Available data:
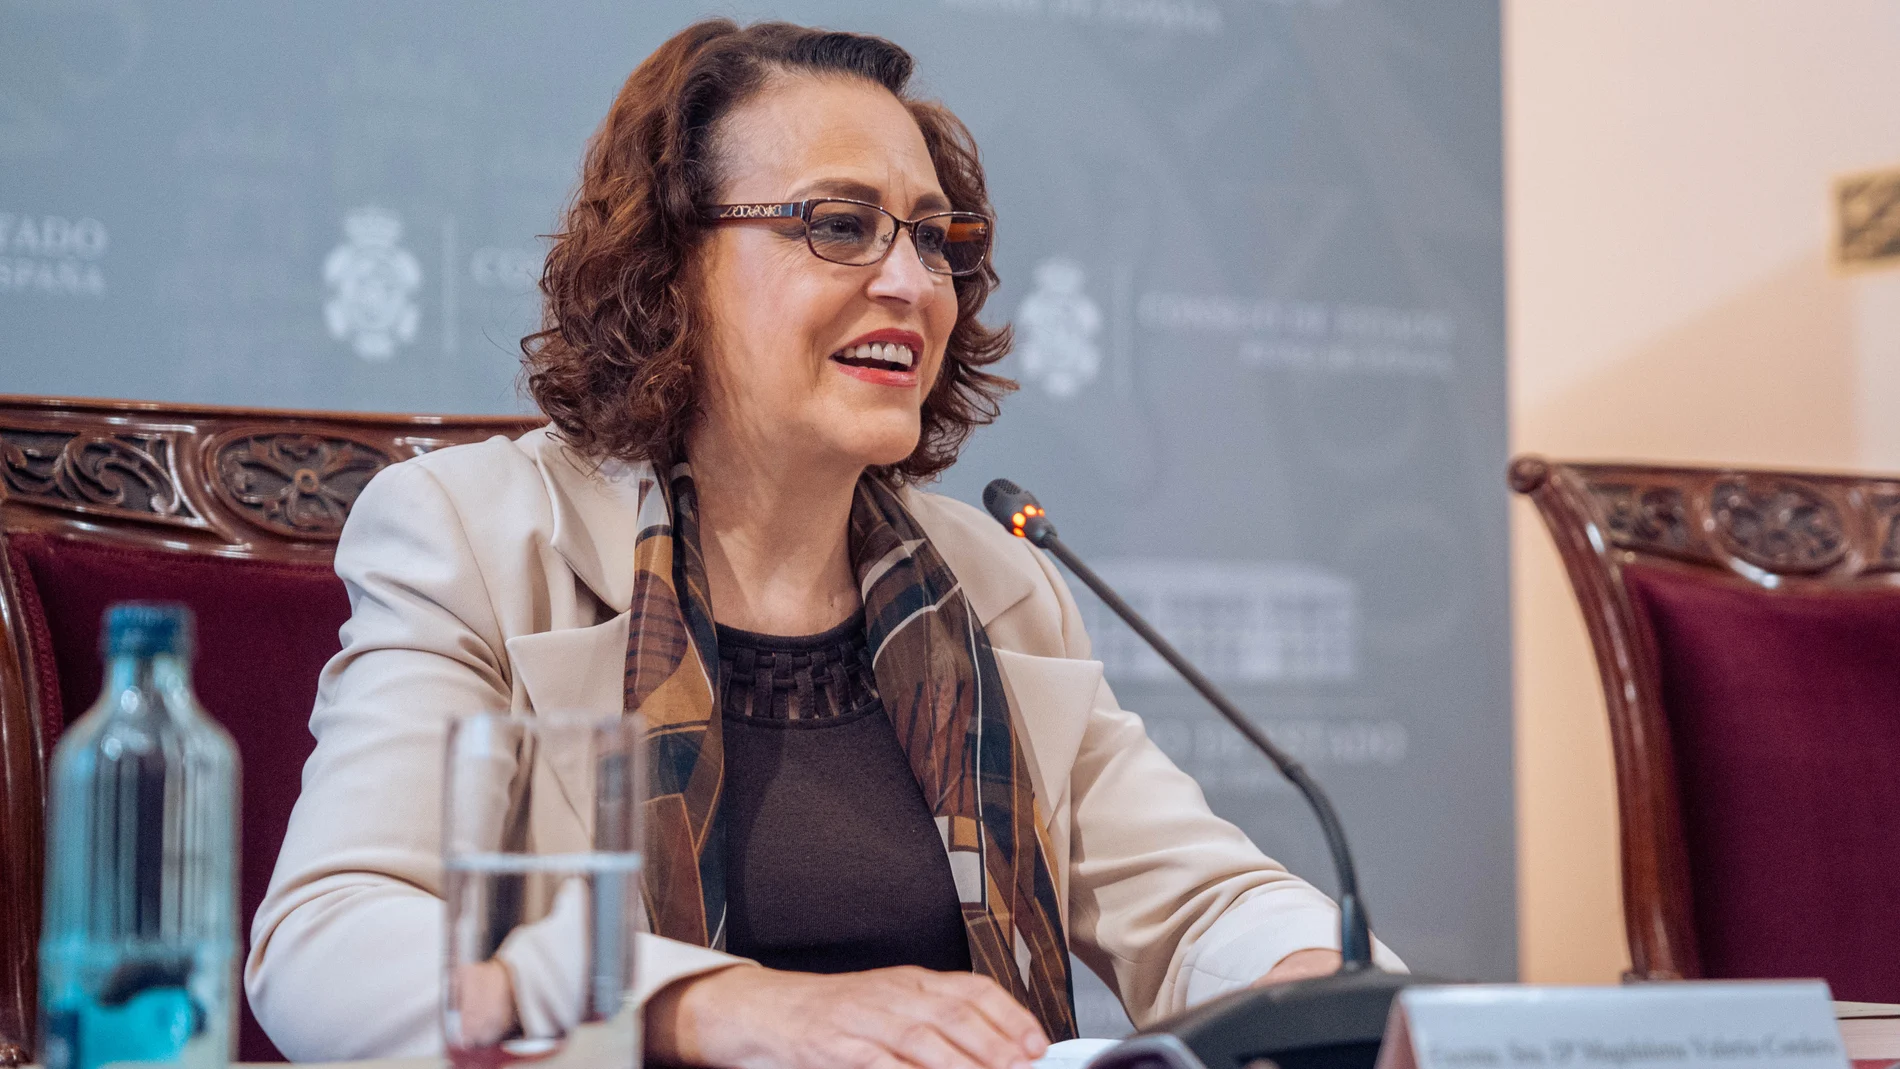 El TS anula el nombramiento de Magdalena Valerio como presidenta del Consejo de Estado por no ser jurista de prestigio
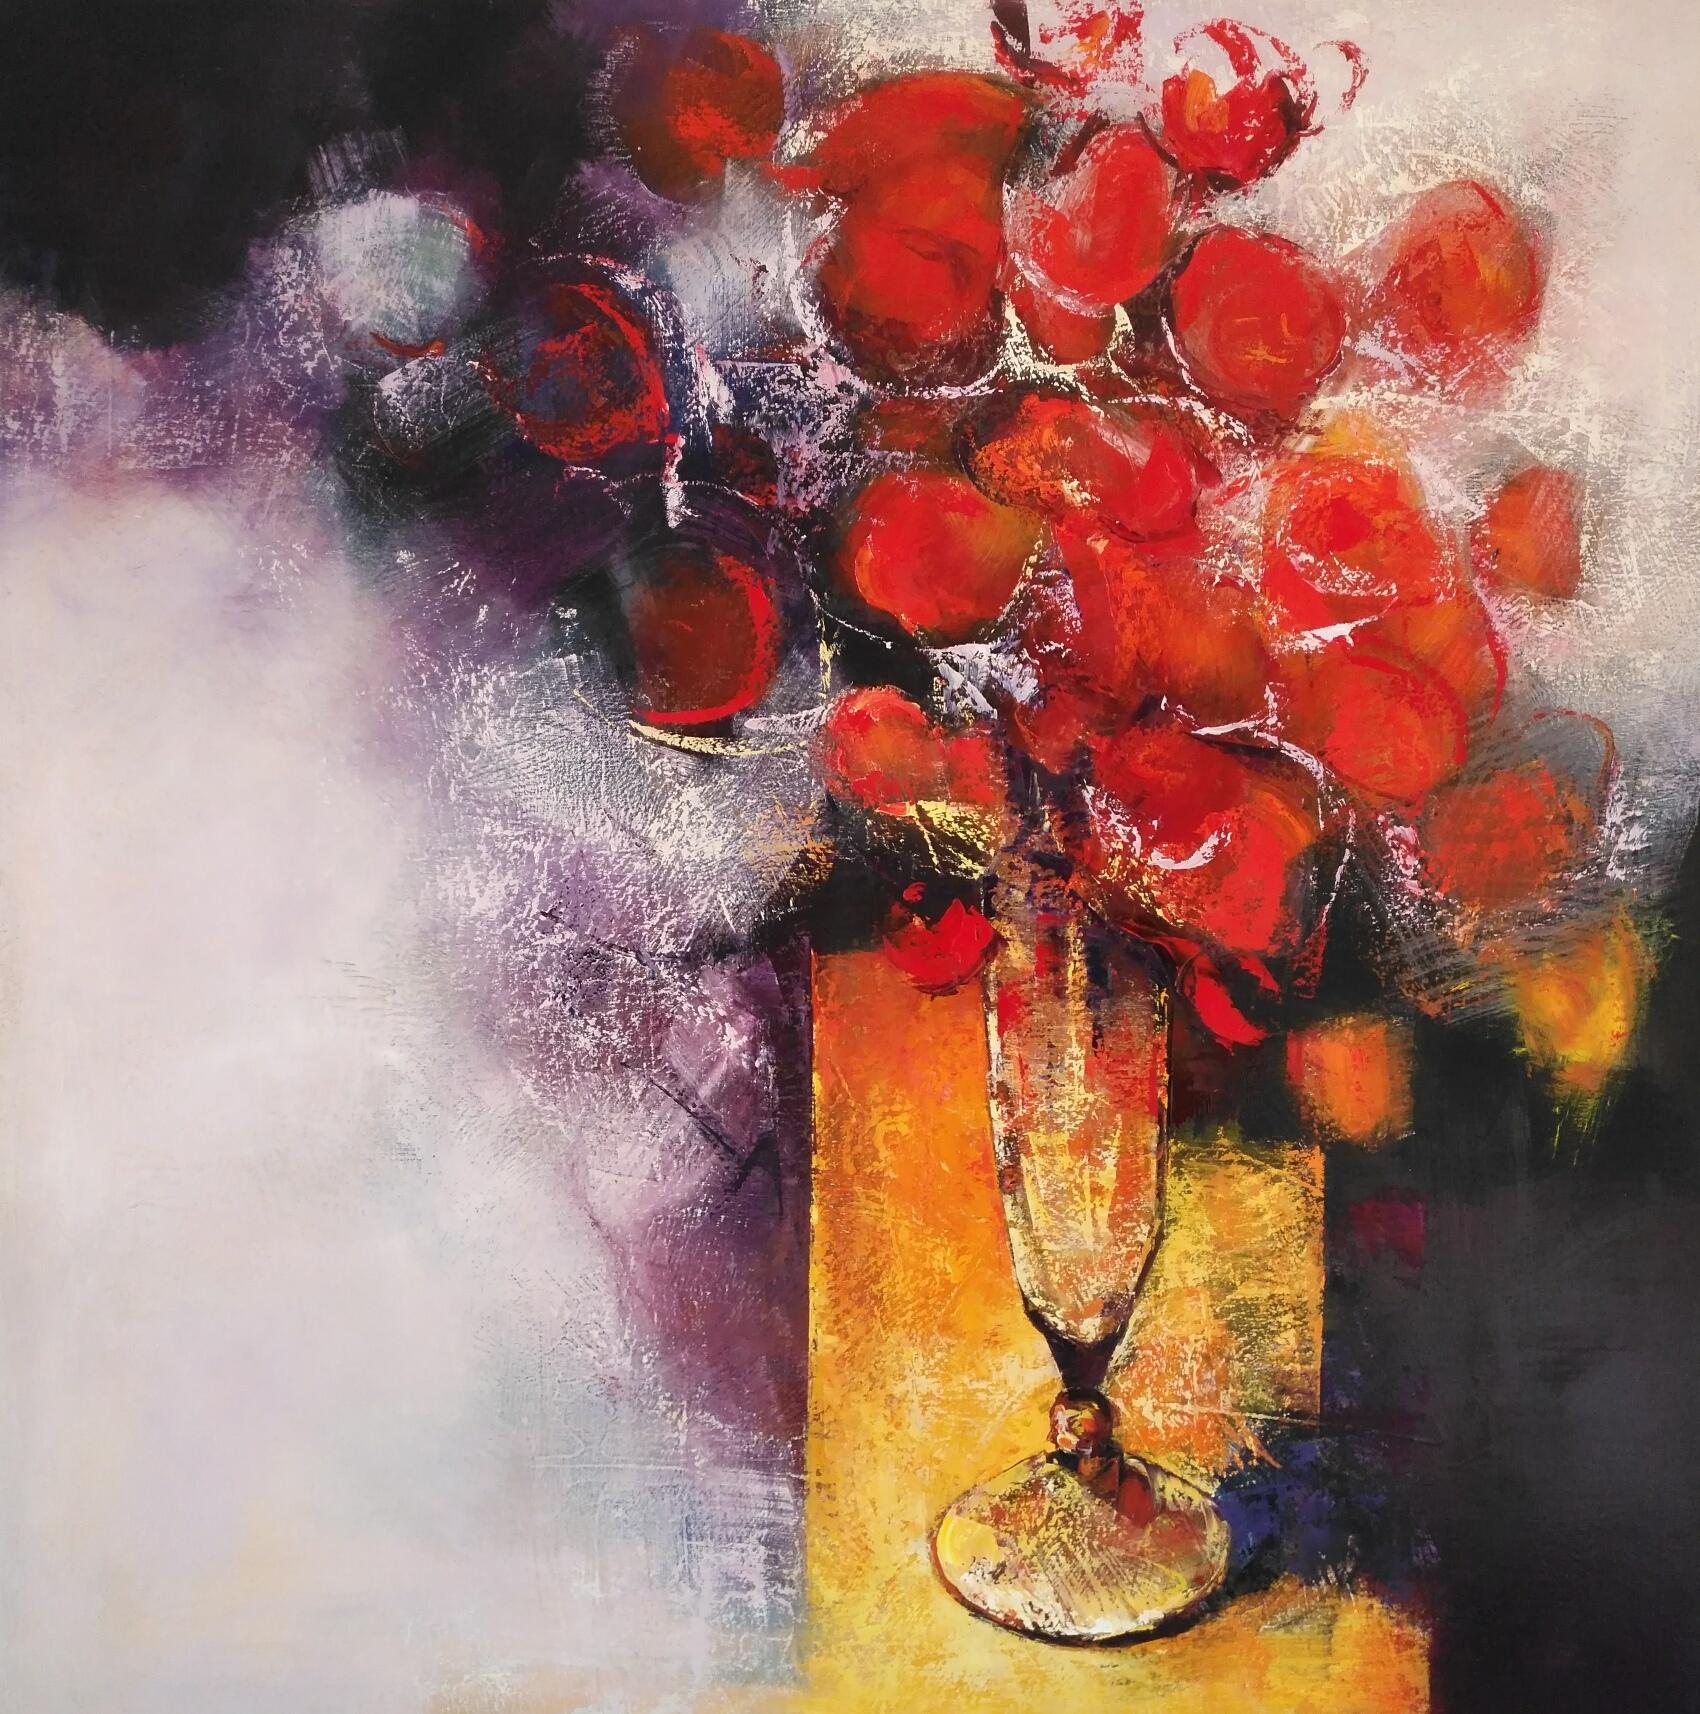 Figurative Painting Tomàs Sunyol - La Post - 21e siècle, Contemporain, Nature morte, Peinture à l'huile, Fleurs rouges
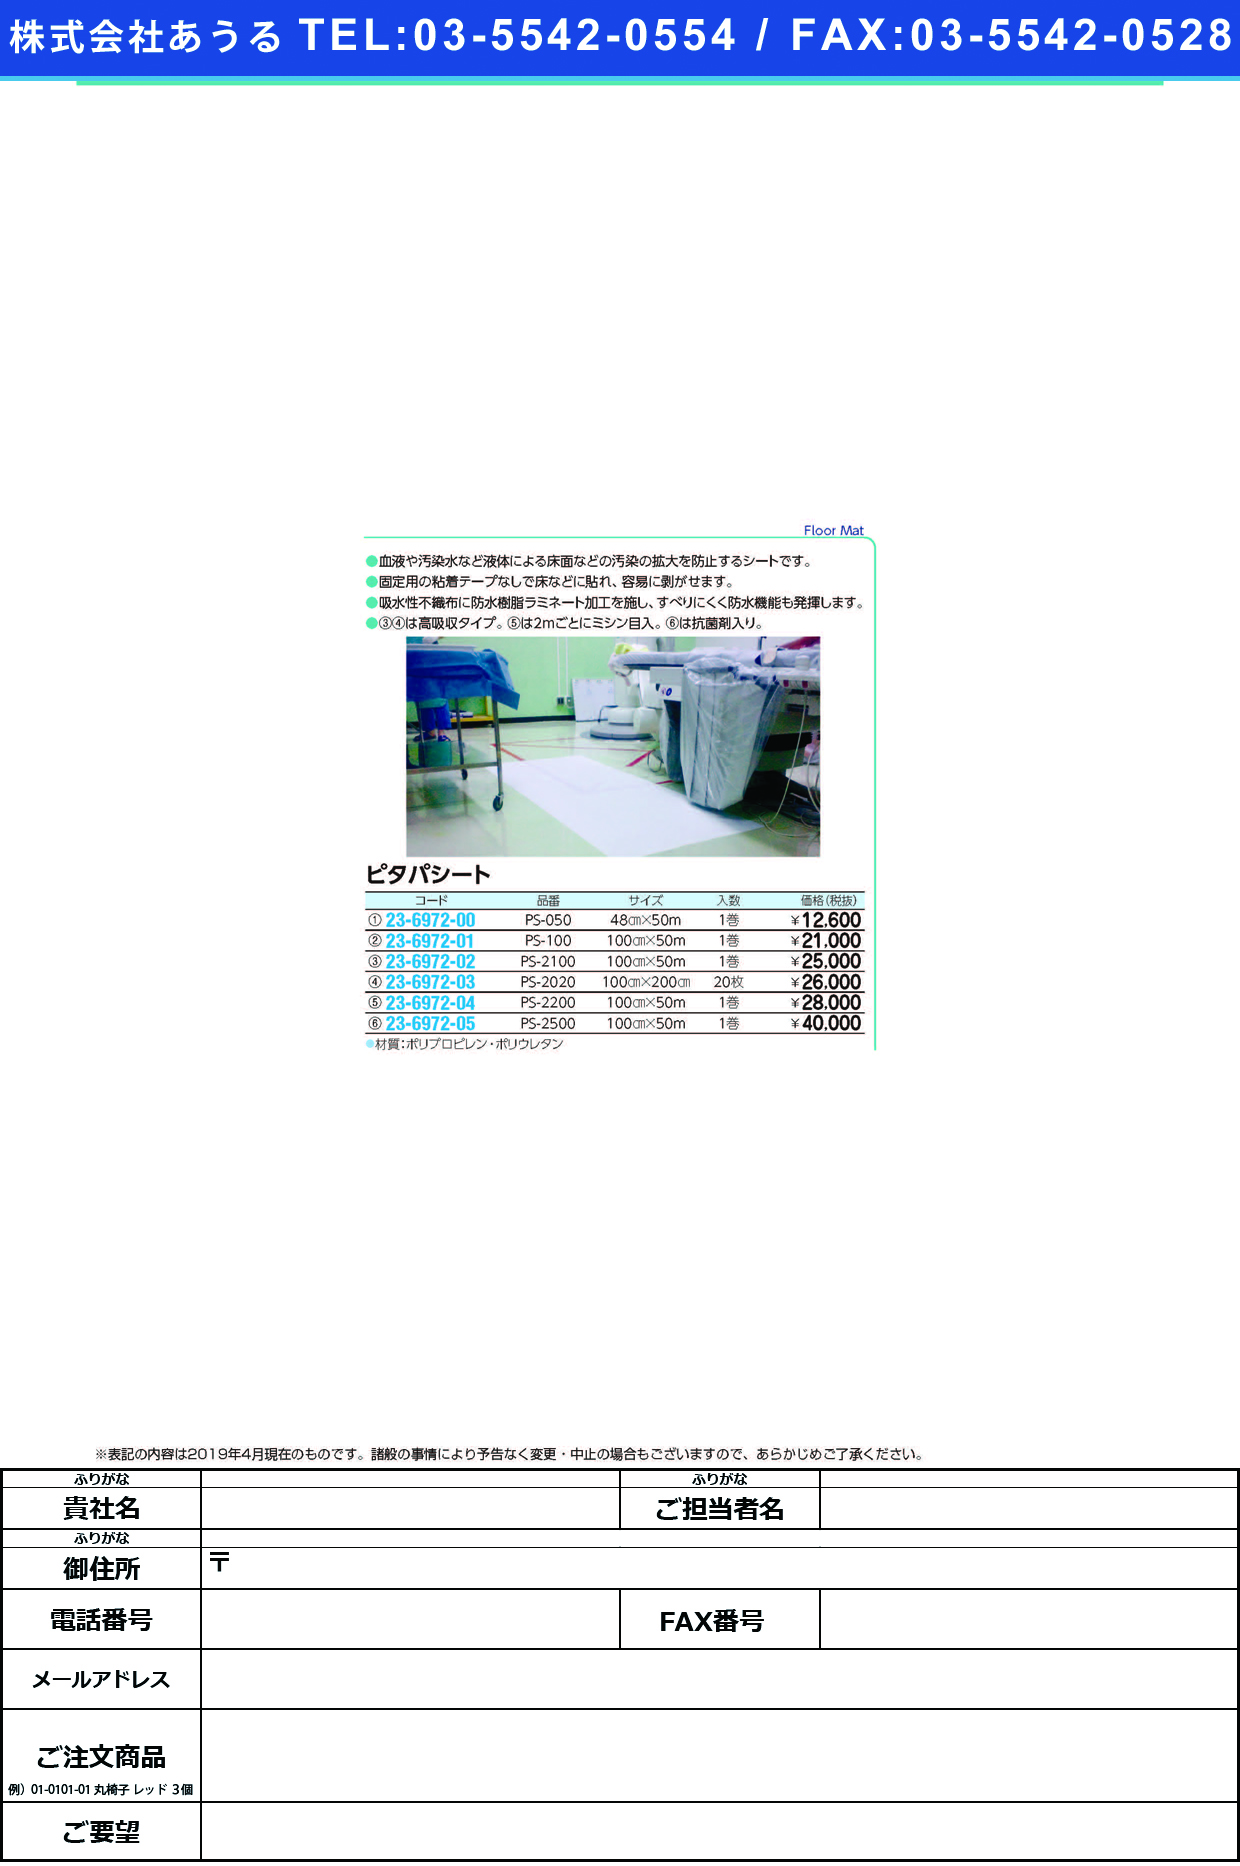 (23-6972-04)ピタパシート PS-2200(100CMX50M) ﾋﾟﾀﾊﾟｼｰﾄ(バイリーンクリエイト)【1梱単位】【2019年カタログ商品】

Directions: Reproduce the lines above, exactly and exclusively, from the line containing "Figurative Painting Tomàs" down to the last line, both included; pictures are not part of the copy.

Written reply:
 Figurative Painting Tomàs Sunyol - La Post - 21e siècle, Contemporain, Nature morte, Peinture à l'huile, Fleurs rouges
 (23-6972-04)ピタパシート PS-2200(100CMX50M) ﾋﾟﾀﾊﾟｼｰﾄ(バイリーンクリエイト)【1梱単位】【2019年カタログ商品】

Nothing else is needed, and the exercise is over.